- _Work instruction_
Two lines mark the range in the entries below: the one holding "Nine men's Morris" and the one holding "FORÇA E-Bike Karbon". Set down those two and all lines between them, exactly.

- _Data under study_
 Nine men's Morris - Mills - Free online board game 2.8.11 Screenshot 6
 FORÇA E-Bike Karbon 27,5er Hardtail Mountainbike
* * *
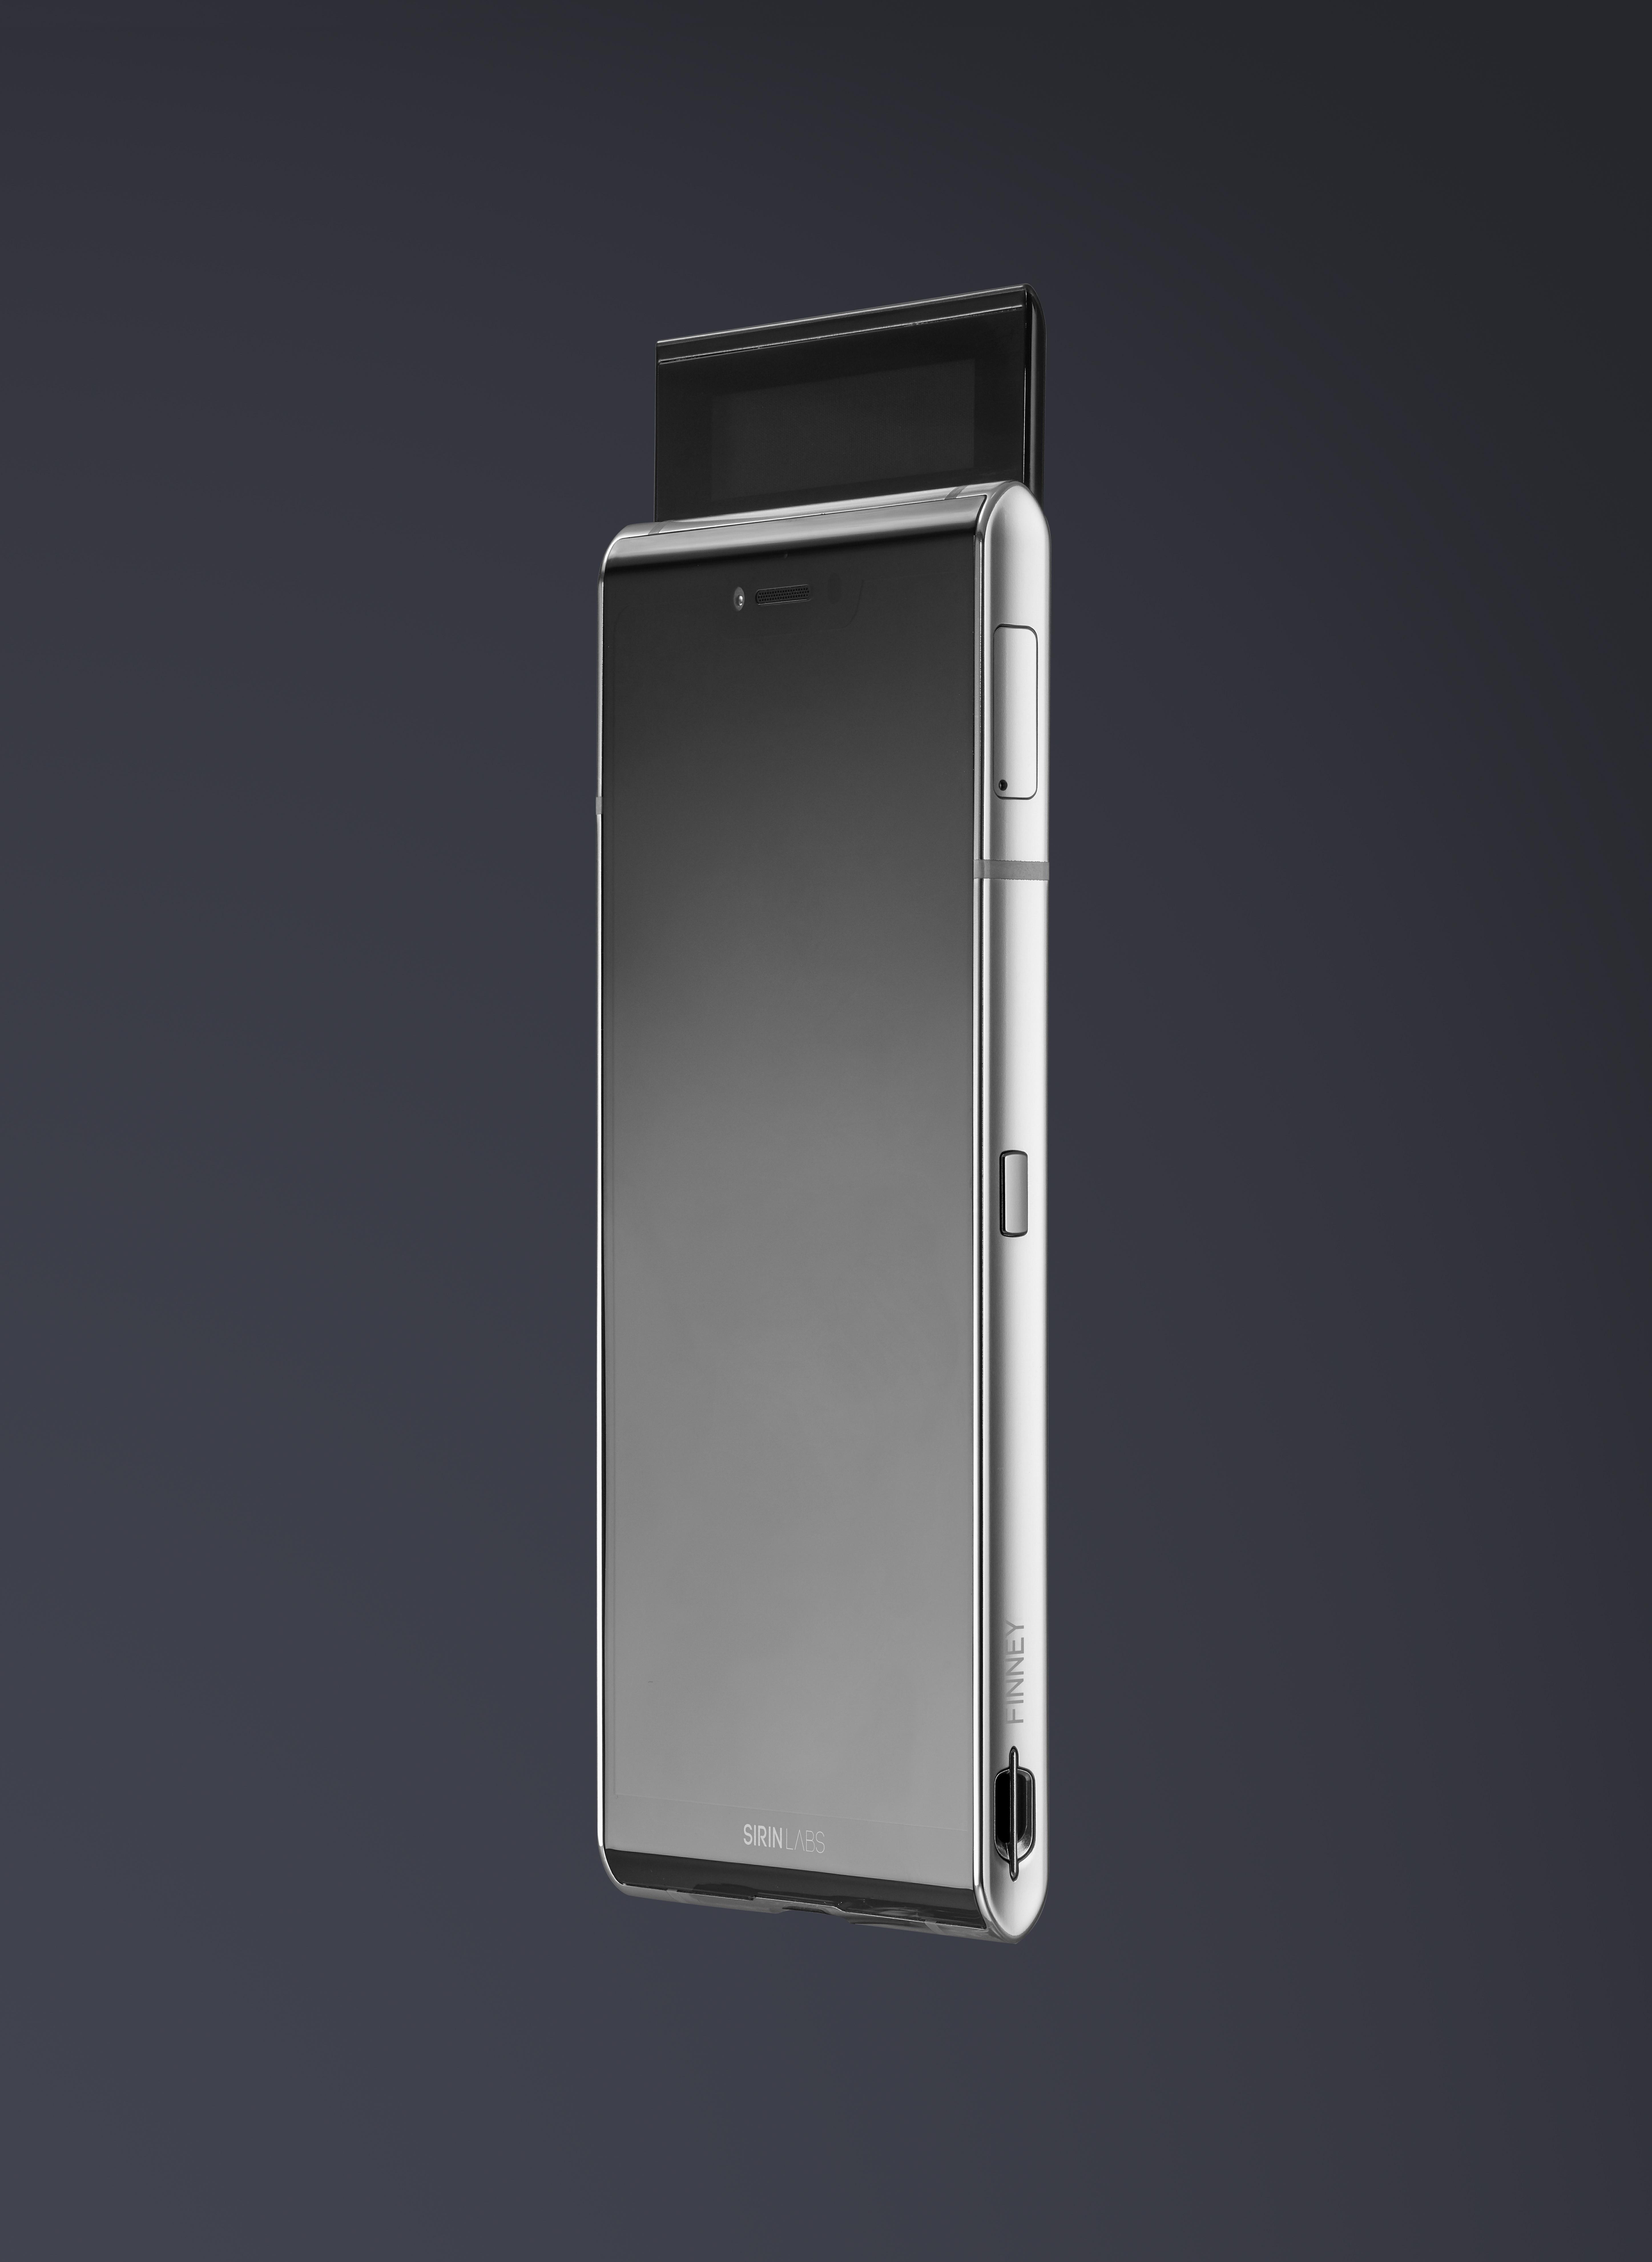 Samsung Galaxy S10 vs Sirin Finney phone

- _Response to the task_
 Nine men's Morris - Mills - Free online board game 2.8.11 Screenshot 6
 FORÇA E-Bike Karbon 27,5er Hardtail Mountainbike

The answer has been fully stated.